BENNY: Not working together as far as making commercial records, first of all. Groups are not working together. I mean, you look at New York. Those guys be working with each other or doing something to keep hip-hop alive. They ain’t knocking each other. They might have their little publicity beefs, but still they’re keeping it there and keeping people in what the heck is going on with them. See, they know what they are doing. They’re working it. Even in that, they are saying, “Man, let’s just go at it like that and see what drama we can draw up, how much attention we can get and how much money we can make.” But they’ve got record companies that’s backing them. That’s like back during the old go-go days after Chuck Brown made “Bustin Loose” and came back, they should have took the four band, Chuck Brown, Trouble Funk, EU and Rare Essence and try to move that market. If they would have done that, it would have paved the way. See, now after Chuck’s “Bustin Loose” then years later, EU comes out with “Da Butt.” But see, if we would have caught it right after “Bustin Loose” like Max Kidd tried to do. But, see that comes into robbing people. I don’t know who was robbing who, but I was watching it all. That’s how it went. Max Kidd had the movie “Good To Go” out.

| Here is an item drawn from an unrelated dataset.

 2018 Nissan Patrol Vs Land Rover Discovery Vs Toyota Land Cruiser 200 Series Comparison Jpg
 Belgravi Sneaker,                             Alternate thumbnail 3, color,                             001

The movement. Which made the ugliest movie out. So, it like poisoned the go-go.
MARK WARD: Rare Essence didn’t have anything to do with the movie?

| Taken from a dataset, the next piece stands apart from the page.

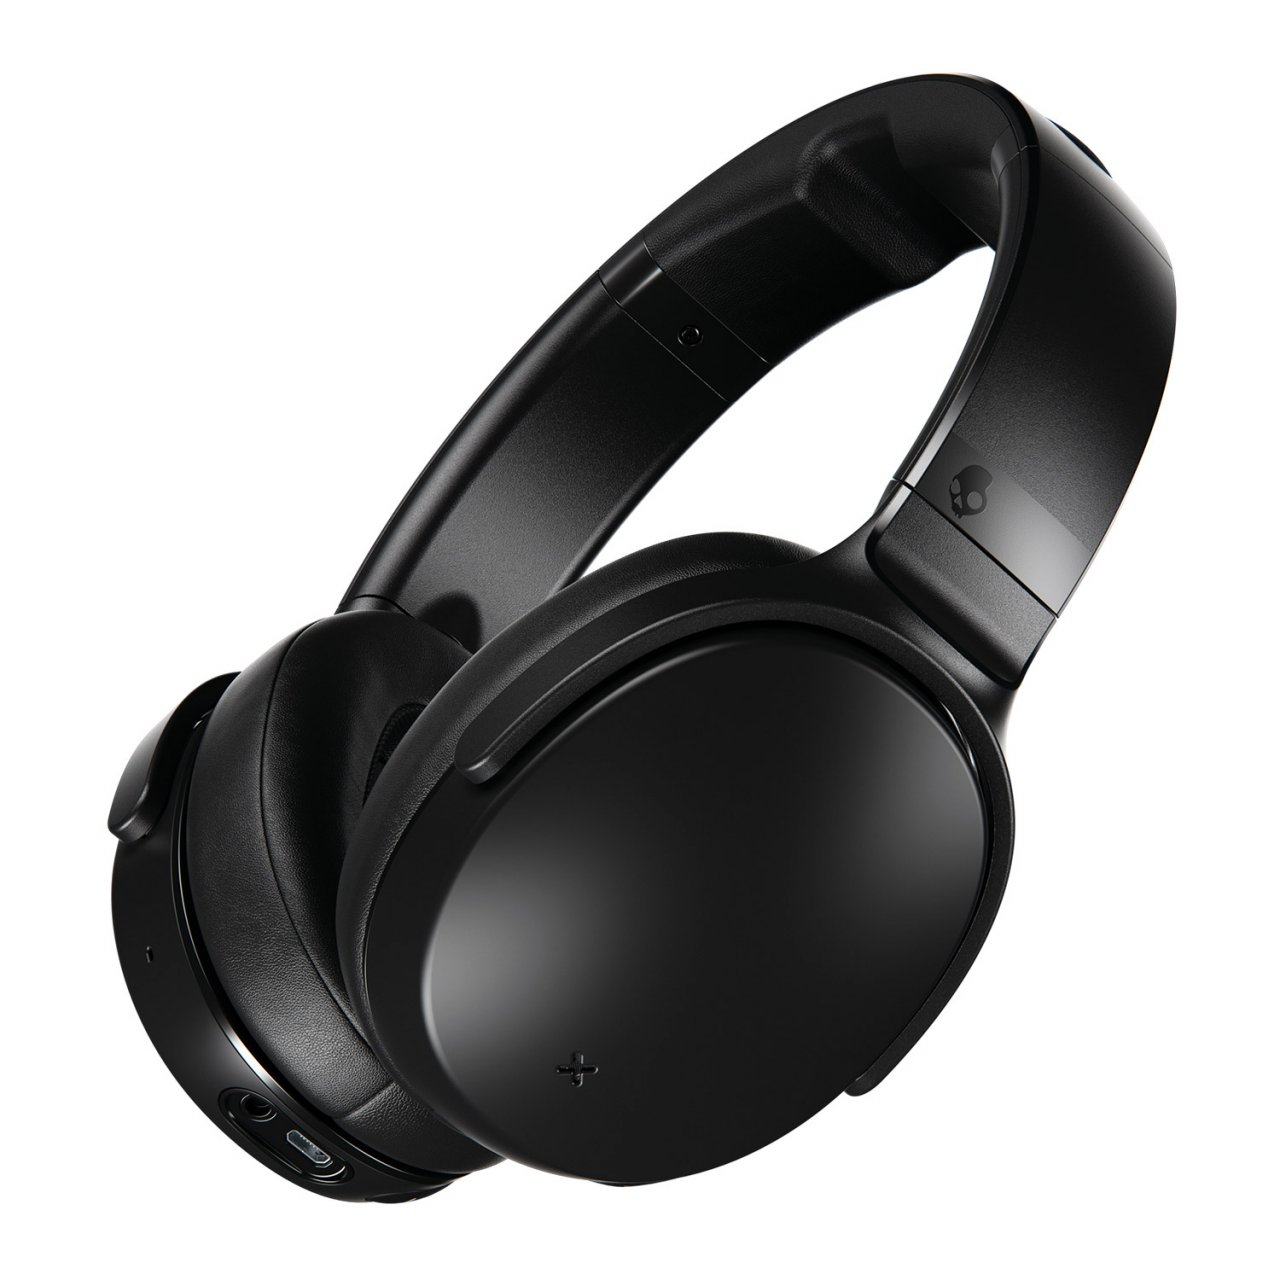 1b8e6bec29b Shop Venue Noise Canceling Wireless Headphones | Skullcandy

BENNY: I don’t know what really went on with that. But, I know Max Kidd had Chuck, Sugar Bear, Redds & The Boys and Trouble Funk.
MARK WARD: It seems like back then, a lot of people were really starting to know about go-go, but it’s back to square one today. I mean, I run into a lot of people here who are not from here and know absolutely nothing about it.

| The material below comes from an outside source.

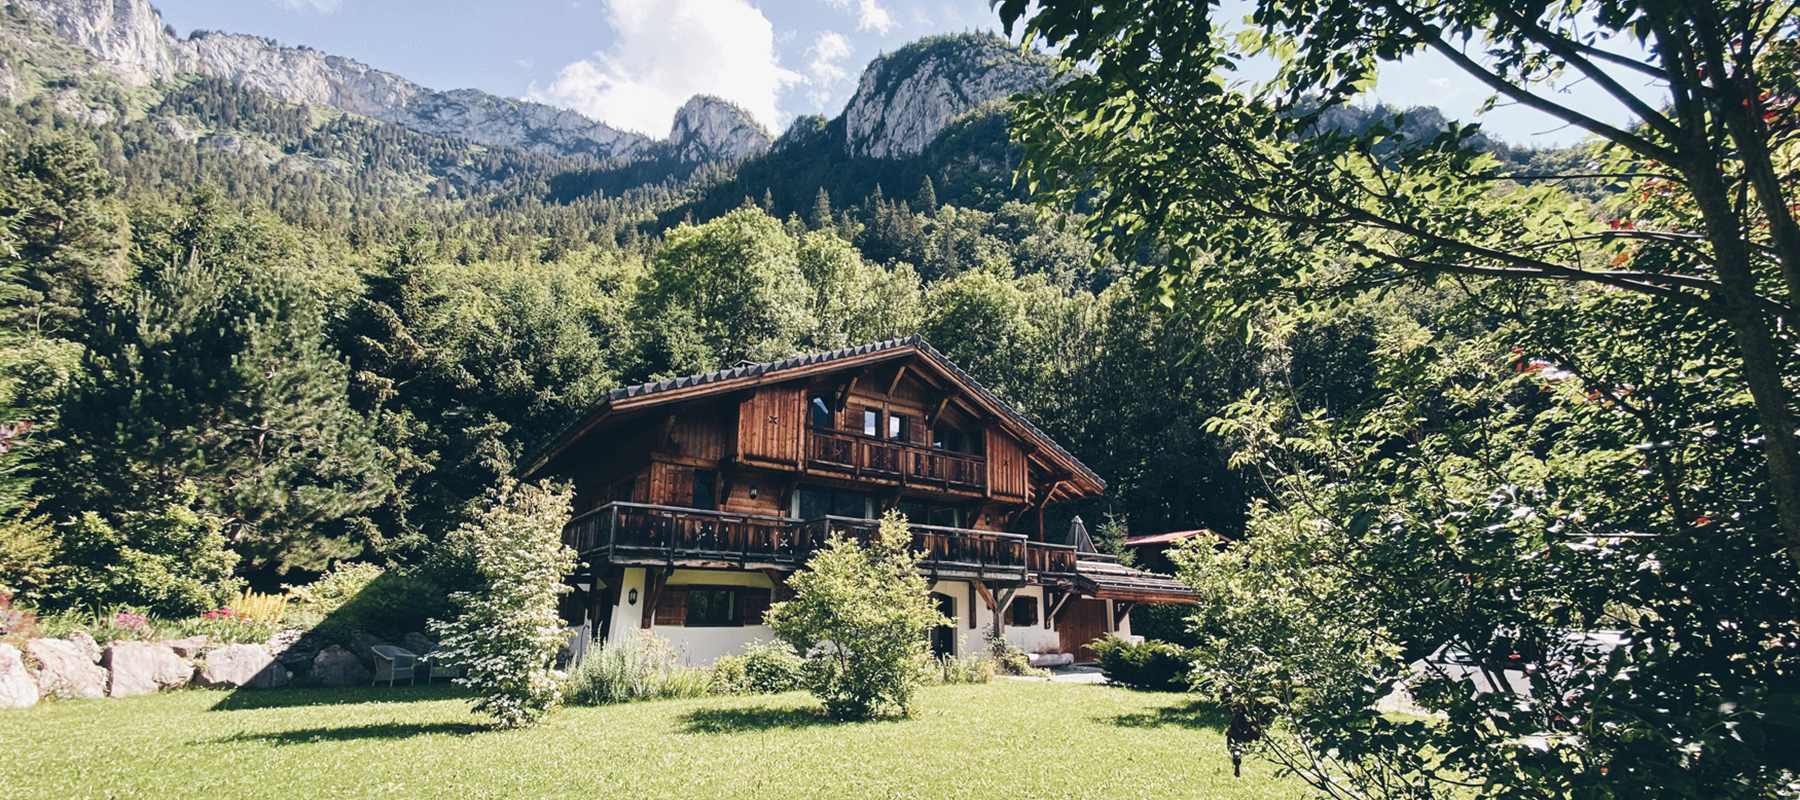 The Landscape Lodge

KATO: So, the point is, is to get it back focused in the right direction.
BENNY: Right. It’s like, who in the heck are going to give you a contract sounding like the way it’s sounding now? Then again, you might get one. I’m not the judge of it. But what I’m hearing, I don’t see nobody making a record company want to invest no money in it. But, it might be.
KATO: So, what’s going on with the group you have in the workshop called The Legends?
BENNY: Basically, The Legends consist of The Godfava, Rick (Sugar Foot Ricky) Wellman, Milton(Go-Go Mickey) Freeman , (John) Bighorn, Tyrone (Jungle Boogie) Williams and myself. Actually, I’m going to bring them all out, Markell (Markey) Owens, Scotty Haskel, Lawrence West, Michael Muse, DC and the rest. Sugar Bear and myself, along with this project, are getting ready to do a Little Benny - EU - Rare Essence reunion. The mission is to get all those guys together.
KATO: Okay. I want to end with this question. How important is family to you?
BENNY: It’s all that I have. It’s the most important thing in my life. I mean, if I had to choose between family and Go-Go, I would choose family.
KATO: Do any of them play music?
BENNY: Well… Benny and Brian are more into basketball. But, Brandon is more into singing and stepping. He likes to watch the videos and learn the steps. He’s pretty much with all that. He usually writes down the lyrics to tunes for me and let’s me know when I’m doing them wrong. Yeah… he just sits me down with the little tape recorder when I basically had to learn two or three songs in a night. And, he won’t go to bed until, I have a couple of the verses down.
KATO: Thank you for your time. I appreciate it.